Core position of this paper: CPA should not be abandoned but "revitalized." By resolving its efficiency issues, CPA-based models can surpass state-of-the-art graph models that bypass CPA—a bold and counter-mainstream argument.

Method

Overall Architecture

KAFNet consists of four modules: 1. Pre-Convolution: Smooths the sparse CPA-aligned sequence and injects temporal embeddings. 2. Temporal Kernel Aggregation (TKA): Compresses long sequences into fixed-length representations using learnable Gaussian kernels. 3. Frequency Linear Attention (FLA) Blocks: Models cross-variable dependencies via linear attention in the frequency domain. 4. Output Layer: An MLP that generates query-specific forecasts.

Key Designs

  1. Pre-Convolution Smoothing: Zero-padding in CPA results in highly uneven information distribution—observed positions contain values while the majority are zero. Feeding such sparse sequences into complex models hampers learning. Two lightweight convolutional layers are first applied to smooth the sequence:

    \(\tilde{x}^n = \text{Conv}_{1\times 1}(\sigma(\text{Conv}_{1\times 3}(x^n))) \in \mathbb{R}^L\)

Since the CPA-generated time grid indices no longer reflect true temporal intervals, a continuous temporal embedding is introduced:

$\text{TE}(t) = [w_s t + b_s \oplus \sin(\mathbf{w}_p t + \mathbf{b}_p) \oplus \cos(\mathbf{w}_c t + \mathbf{b}_c)]$

The convolutional features and temporal embeddings are summed to yield a time-aware representation \(\hat{x}^n = \tilde{x}^n + \mathbf{w}_t^\top \text{TE}(\mathbf{t}^n)\).

Design Motivation: The 3×1 convolution leverages local neighborhood information to "diffuse" observed values into zero-padded positions, mitigating sparsity. Temporal embeddings restore true temporal distance information that CPA destroys.

  1. Temporal Kernel Aggregation (TKA): This is the core module addressing CPA's sequence length explosion. Each variable's long sequence \(\hat{x}^n \in \mathbb{R}^L\) is compressed into a fixed-length representation of size \(K\).

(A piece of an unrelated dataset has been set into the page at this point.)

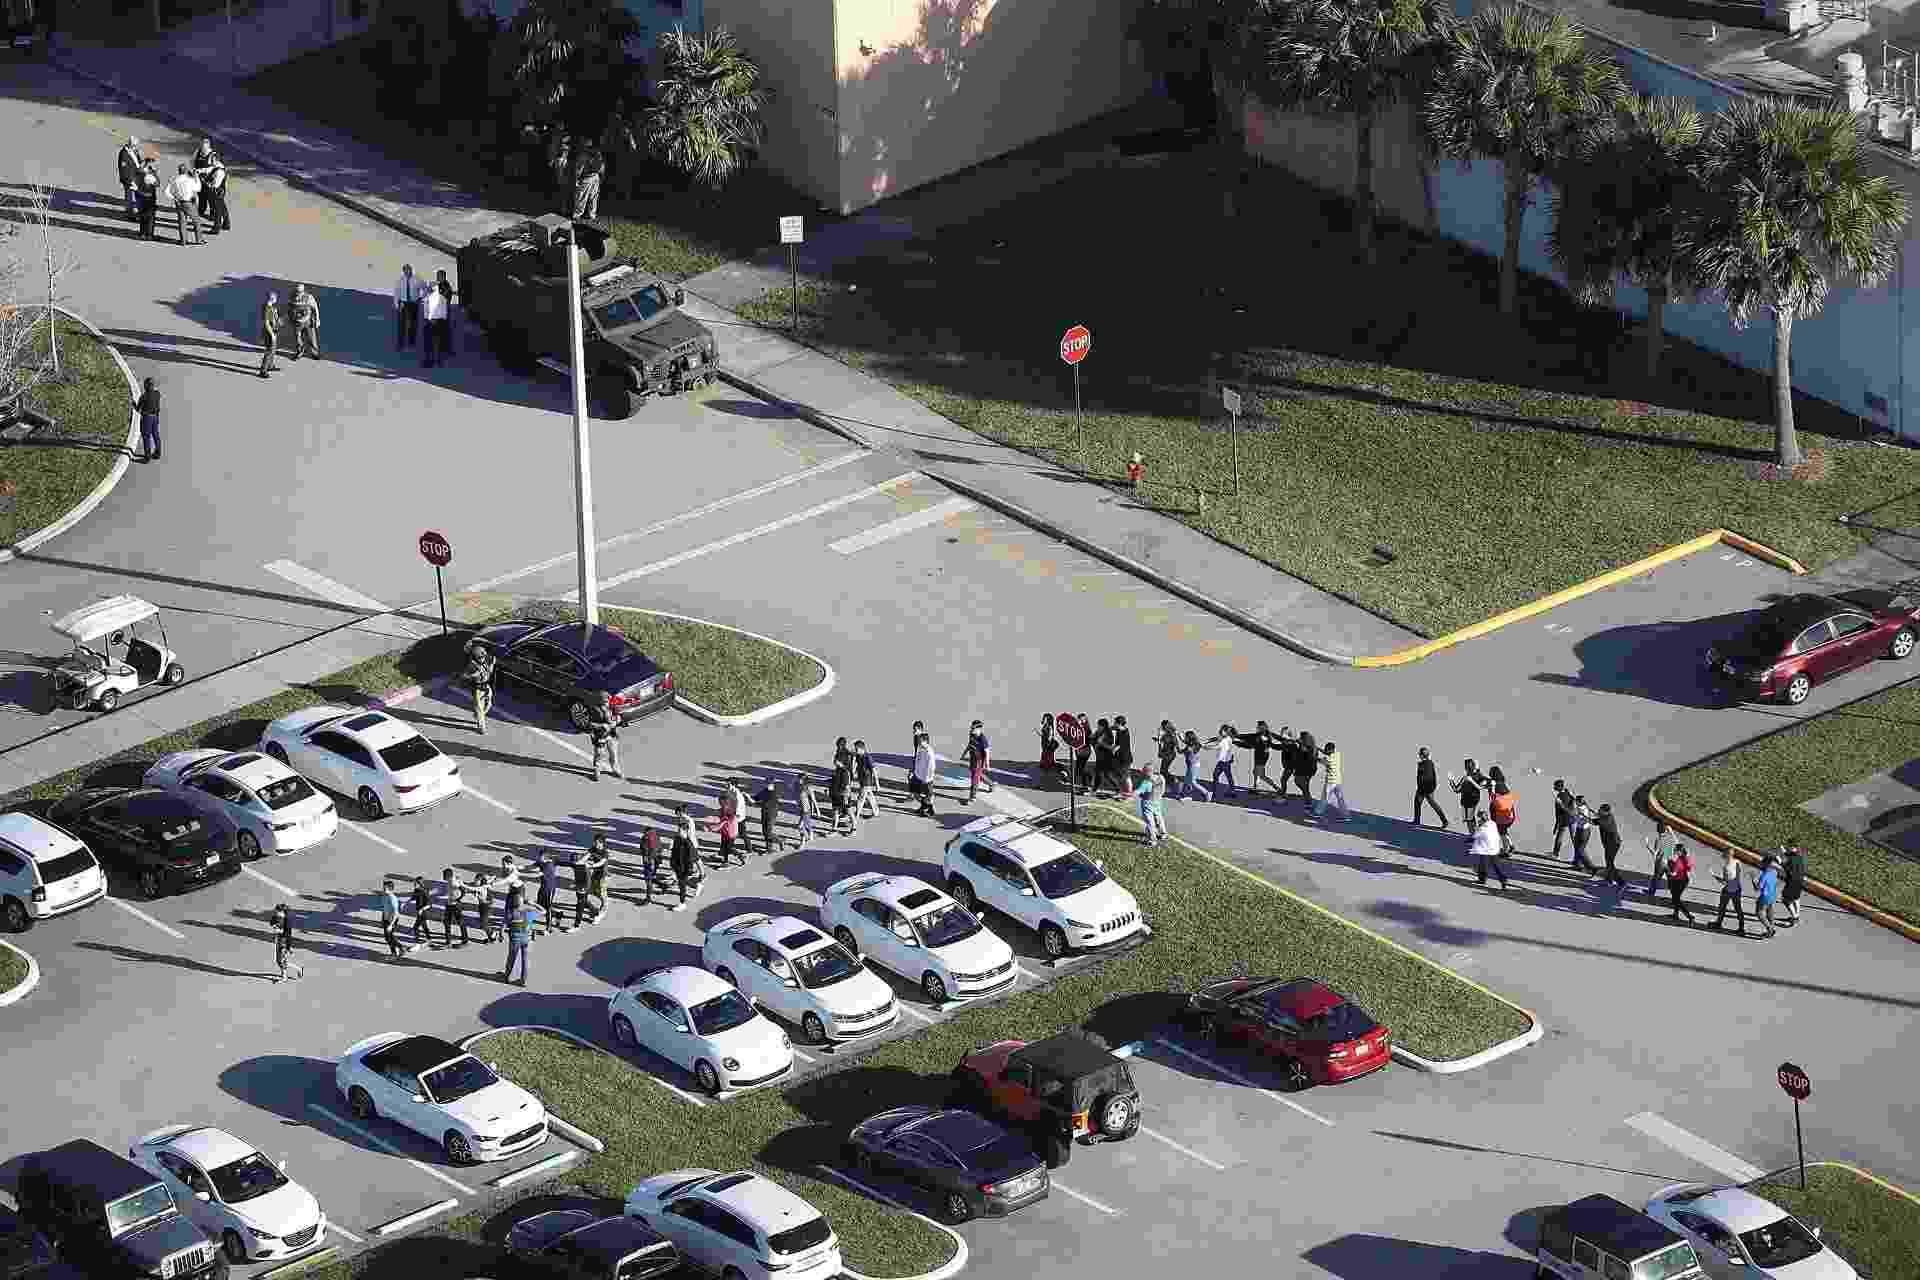 14.fev.2018 - Pessoas são retiradas do prédio do colégio Marjory Stoneman Douglas após tiroteio que deixou mortos e feridos - Joe Raedle/Getty Images/AFP

Concretely, \(K\) equally-spaced Gaussian kernels \(\{c_k, \sigma_k\}\) with learnable bandwidths \(\sigma_k\) are placed on the min-max normalized time axis \([0,1]\). The affinity weight from timestamp \(\hat{t}_l^n\) to the \(k\)-th kernel is:

$w_{l,k}^n = \exp\left[-\frac{1}{2}(\hat{t}_l^n - c_k)^2 / \sigma_k^2\right] \cdot m_l^n$

where \(m_l^n\) is the CPA mask (ensuring only actual observations contribute). After normalization, a weighted aggregation is performed:

$h_k^n = \sum_{l=1}^{L} a_{l,k}^n \hat{x}_l^n, \quad a_{l,k}^n = \frac{w_{l,k}^n}{\sum_j w_{j,k}^n}$

Gating \(\tilde{\mathbf{h}}^n = \text{Sigmoid}(\mathbf{g}) \odot \mathbf{h}^n\) followed by linear projection yields \(\mathbf{z}^n \in \mathbb{R}^d\).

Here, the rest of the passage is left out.